# Applications of Principal Bundle Construction: Vague Question

I recently read the principal $G$-bundle construction on a smooth manifold $M$, where $G$ is a Lie group.

To understand them better, I am looking for some applications.

Can the principal $G$-bundle help us get some usual bundle constructions, for example tensor product of two vector bundles, the pullback bundle etc?

Right now, the constructions I have seen are specific to each type of construction. If I want the tensor product of two vector bundles $E$ and $F$ over a smooth manifold $M$, I start from scratch and consider the disjoint union $\bigsqcup_{p\in M} E_p\otimes F_p$ and put trivializations “naturally”.
Similarly for the dual bundle.

Is there a unified way to think of these constructions so that all the constructions are dealt with in one shot?

#### Solutions Collecting From Web of "Applications of Principal Bundle Construction: Vague Question"
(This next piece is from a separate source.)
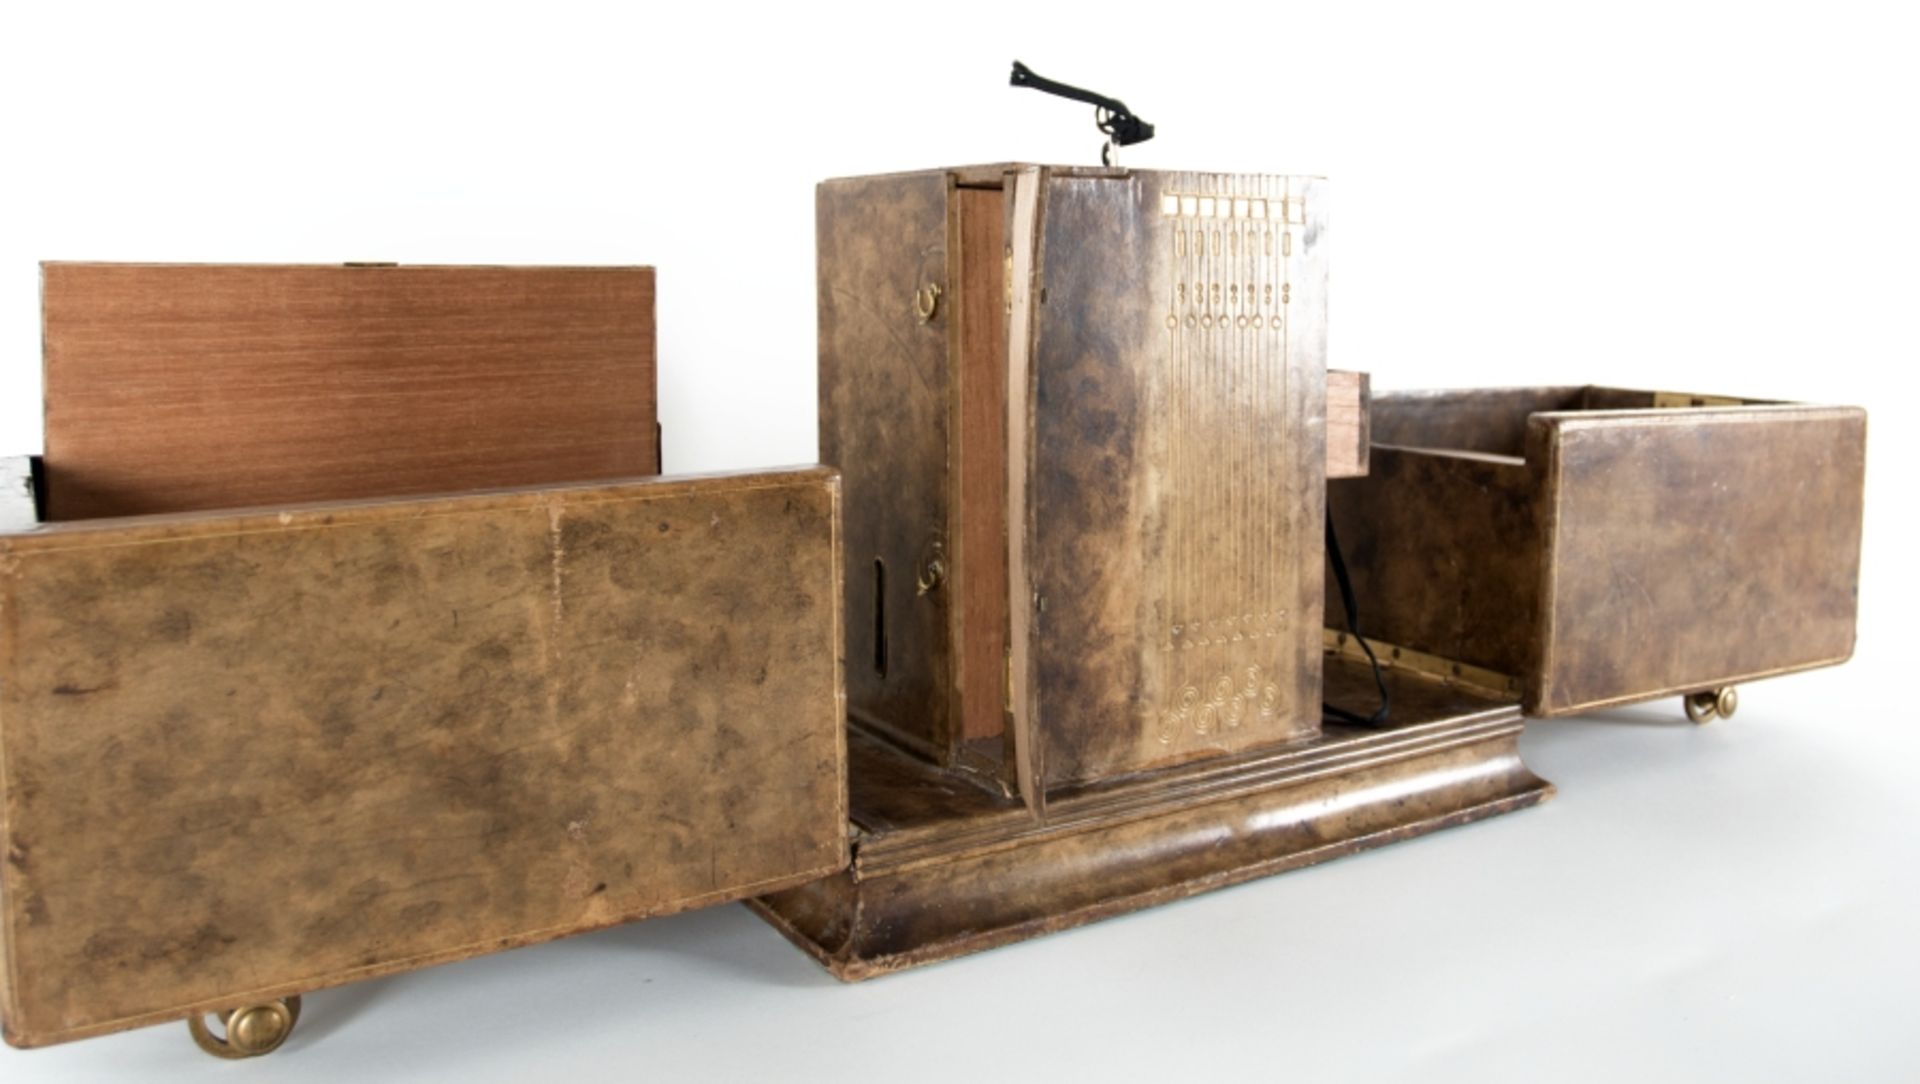 Wiener Werkstätten zugeschr.Kabinettkasten (Zigarrenkasten?)Holz, lederbezogen, mit Messing - Image 5 of 5

If $f : G \to H$ is a morphism of Lie groups, it induces a functor from principal $G$-bundles to principal $H$-bundles (explicitly, apply $f$ to Cech cocycles). This construction is itself functorial. This subsumes the usual bundle constructions. For example:

• Direct sum comes from morphisms $GL_n \times GL_m \to GL_{n+m}$.
• Tensor product comes from morphisms $GL_n \times GL_m \to GL_{nm}$.
• Dual comes from the inverse transpose morphisms $GL_n \to GL_n$.
• “Underlying real bundle” comes from morphisms $GL_n(\mathbb{C}) \to GL_{2n}(\mathbb{R})$.
• “Complexification” comes from morphisms $GL_n(\mathbb{R}) \to GL_n(\mathbb{C})$.

And so forth.

But the idea of principal bundles has many other applications. Some have a more homotopy-theoretic flavor, e.g. the theory of characteristic classes and reduction of the structure group, while others have a more differential-geometric flavor, e.g. connections and Chern-Weil theory.